If City brokers have been revising their projections of late, your investments may not be as cheap — or expensive — as you think!

Today I’m looking at the earnings per share (EPS) forecasts for AstraZeneca (LSE: AZN) (NYSE: AZN.US), the global pharmaceutical company. All figures for the company are courtesy of S&P Capital IQ.

A bargain?

The consensus for 2013 is for a normalised EPS of 333p (519 US cents), which puts the 3,183p shares on a forward P/E of 9.6. To put that into some perspective, at its current level of 6,510 the FTSE 100 is trading on a P/E of around 16.

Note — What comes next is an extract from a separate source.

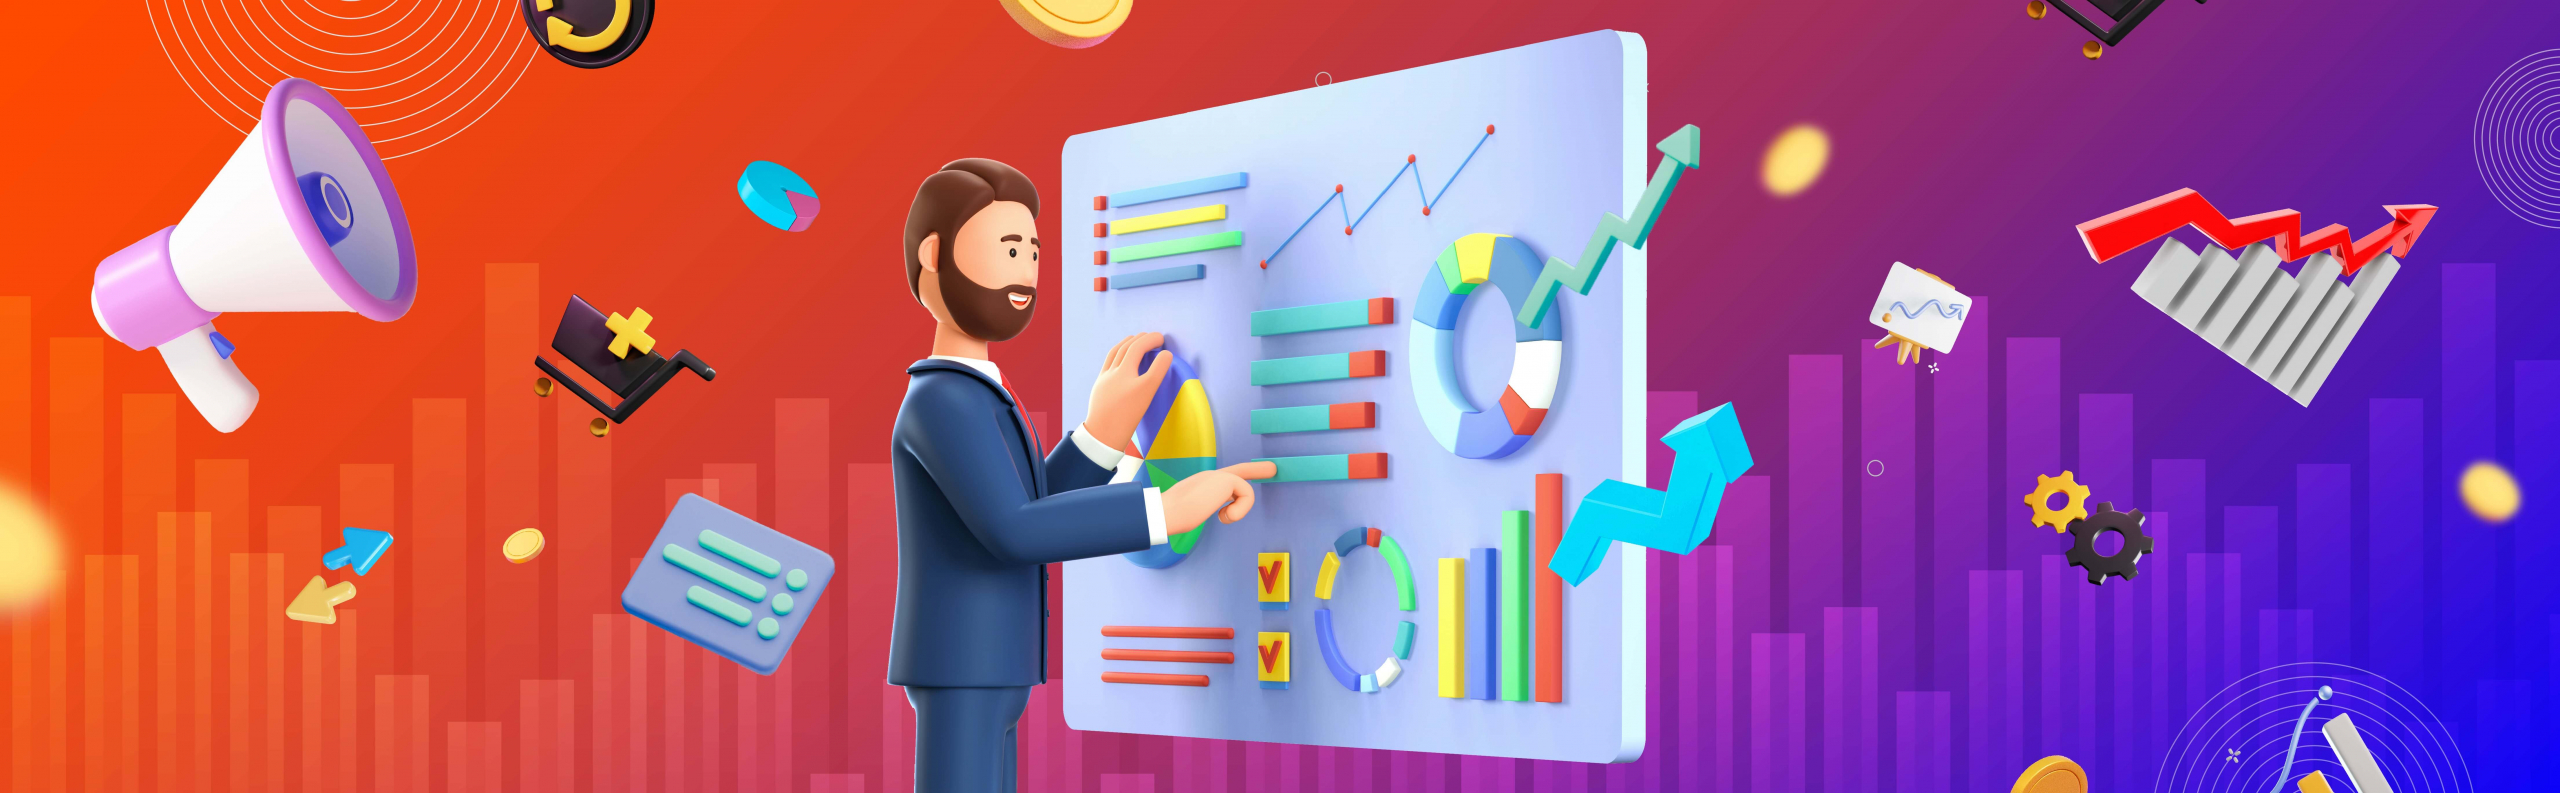 How To Create an Effective Data Dashboard That Tells a Story

So, if you believe the company will start to deliver better earnings over the next few years, a P/E of 9.6 might suggest that AstraZeneca is a bargain that the market is missing.

Or declining prospects?

However, City analyst estimates suggest that earnings may fall to 318p (495 US cents) per share in 2014, falling further to 312p (486 US cents) for 2015, and sinking to just 274p (427 US cents) in 2017.

Such forecasts imply that the current P/E of almost 10 reflects the anticipated decline in earnings, rather than any fundamental underpricing of the company.

The data from S&P Capital IQ also indicate total revenue at AstraZeneca will fall from 2012’s $28bn to only $22bn by 2017 and that EBITDA will decline sharply to just $7.6bn in 2017, which would be a drop of nearly 40% from last year’s £12.3bn.

All told, the forecasts seem pessimistic, with earnings set to fall significantly over the next few years, with that pessimism reflected by that 9.6 near-term P/E ratio.

What next?

Whether these projections make AstraZeneca a buy, a hold or a sell is, of course, up to you.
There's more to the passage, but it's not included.